Data Encryption

If you are talking about data at rest encryption you will have to upgrade to a supported version (everything below 10.2B is unsupported and retired). There are also a number of functions available in newer versions to encrypt data in transit or use hashes. Your options are extremely limited in V9.

With 10.2B and above you can purchase TDE (Transparent Data Encryption)... it works like a charm and has very low overhead. Comparable to Oracle and SQL Server.

Progress KB - What is Transparent Data Encryption (TDE)?
 
If you are talking about data at rest encryption you will have to upgrade to a supported version (everything below 10.2B is unsupported and retired). There are also a number of functions available in newer versions to encrypt data in transit or use hashes. Your options are extremely limited in V9.

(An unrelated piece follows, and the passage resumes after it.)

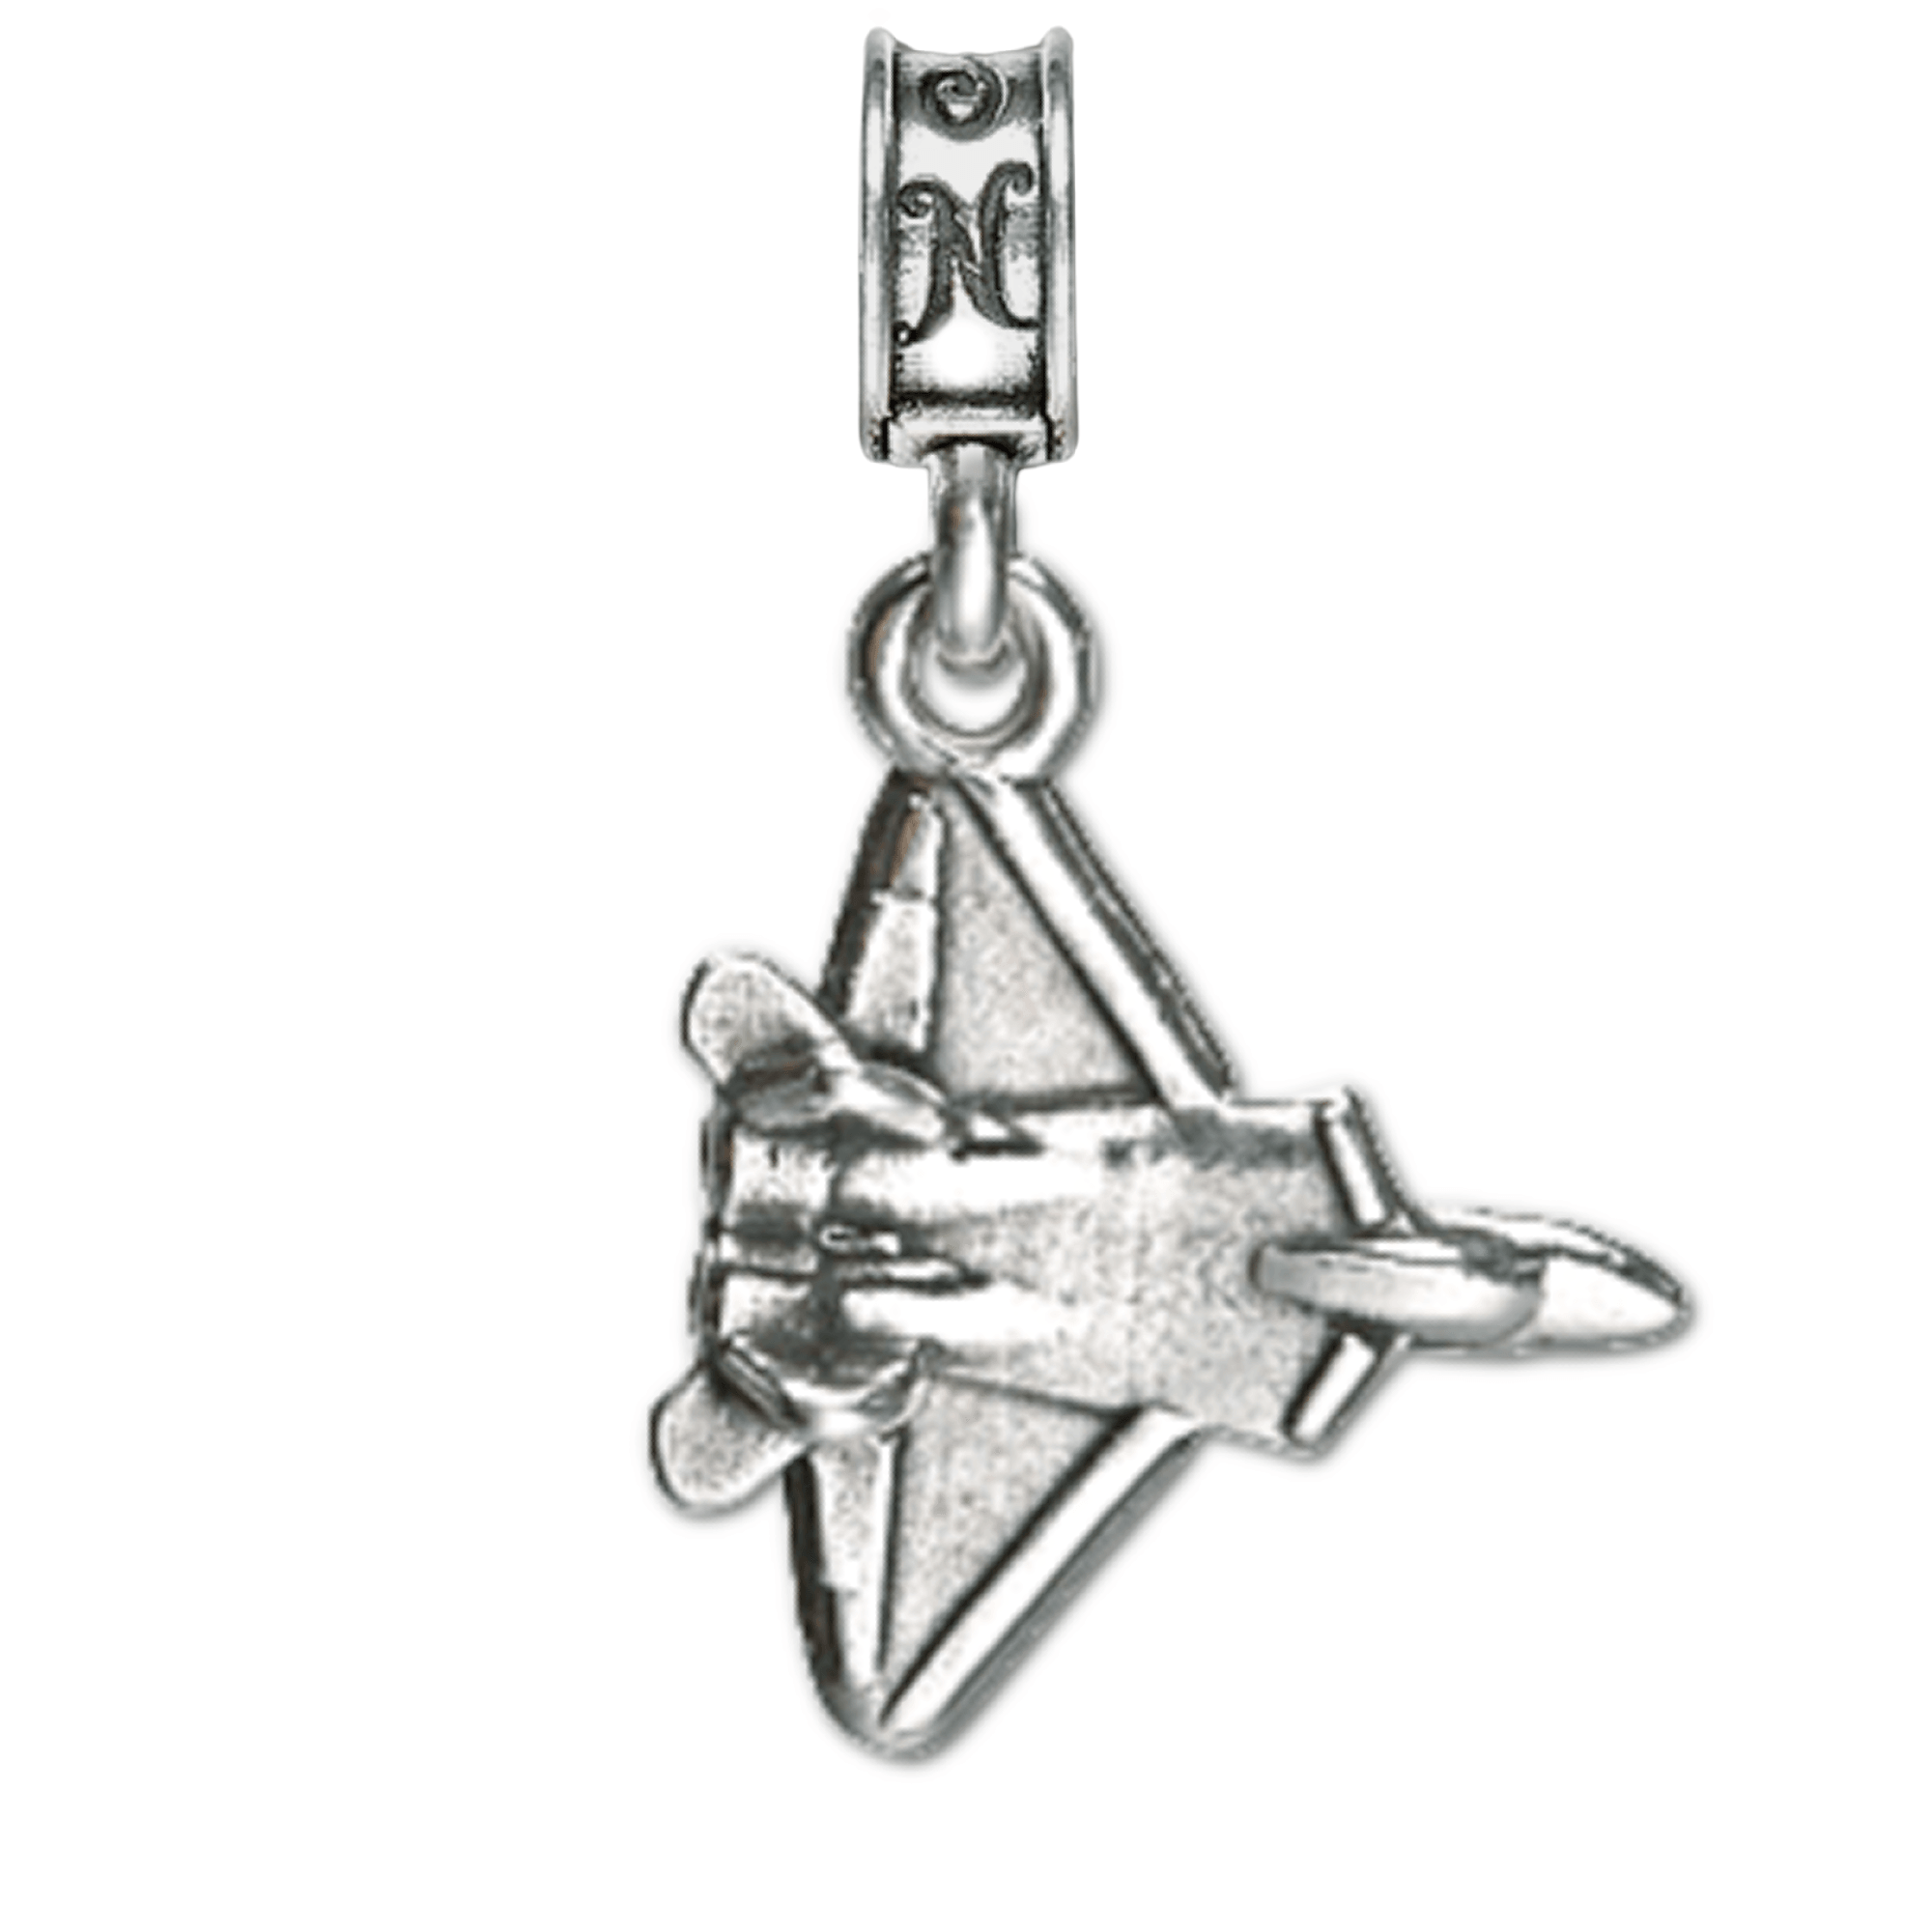 Military Jewelry, Military Charms, Military Gifts, Military Aviation, F-22
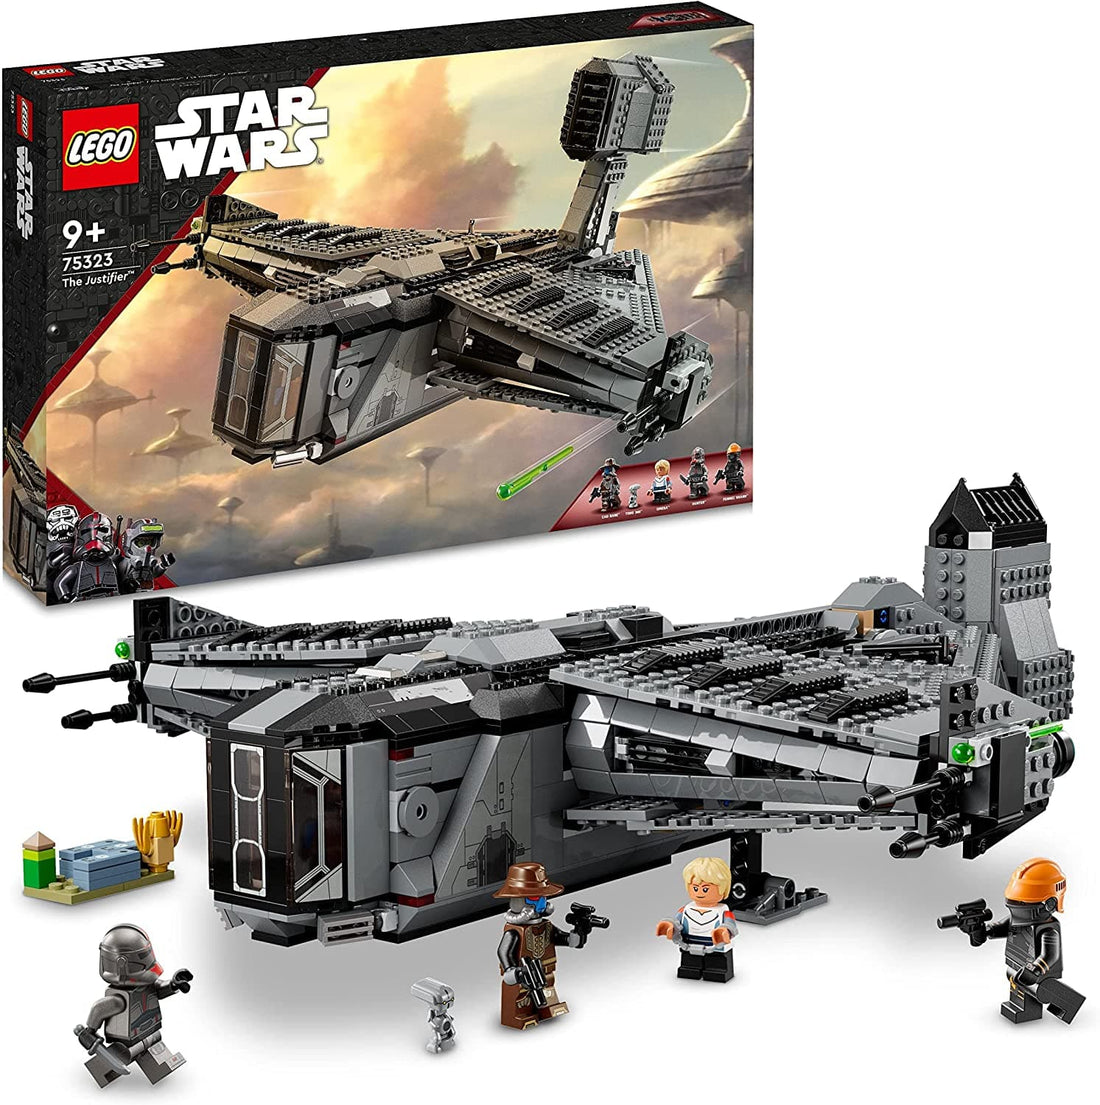 LEGO Star Wars The Justifier Buildable Toy Starship with Cad Bane Minifigure and Todo 360 Droid Figure, The Bad Batch Set

With 10.2B and above you can purchase TDE (Transparent Data Encryption)... it works like a charm and has very low overhead. Comparable to Oracle and SQL Server.

Progress KB - What is Transparent Data Encryption (TDE)?
Thanks a lot...!!

Anything available in 9.1xx as you said limited options ... Anything we can try with 9.1x?
I just have idea about code encryption with XCODE. But I want to secure DB data.
 
For 9.1X you would have to completely write all of the encryption and decryption by hand and alter all data stored in the database... most indexes would be unusable and everything would be stored as character or raw... I would not advise doing that.

Just upgrade to a new version if they are that concerned about security... there are countless other issues that have been resolved with modern versions that deal with security and single sign on just to name a few.
 
Version 9 was designed and released in the dark ages. Way back in the 90s. Nobody gave a hoot about encryption back then. Which is why there is no support for serious encryption in v9.

If you really care about encryption then you (or the company that you work for) also probably care about lots of security related issues. Which raises the question of why you would even consider running something as backwards and unsuitable for the purpose as version 9. That would be like running Windows 95 or Oracle 7.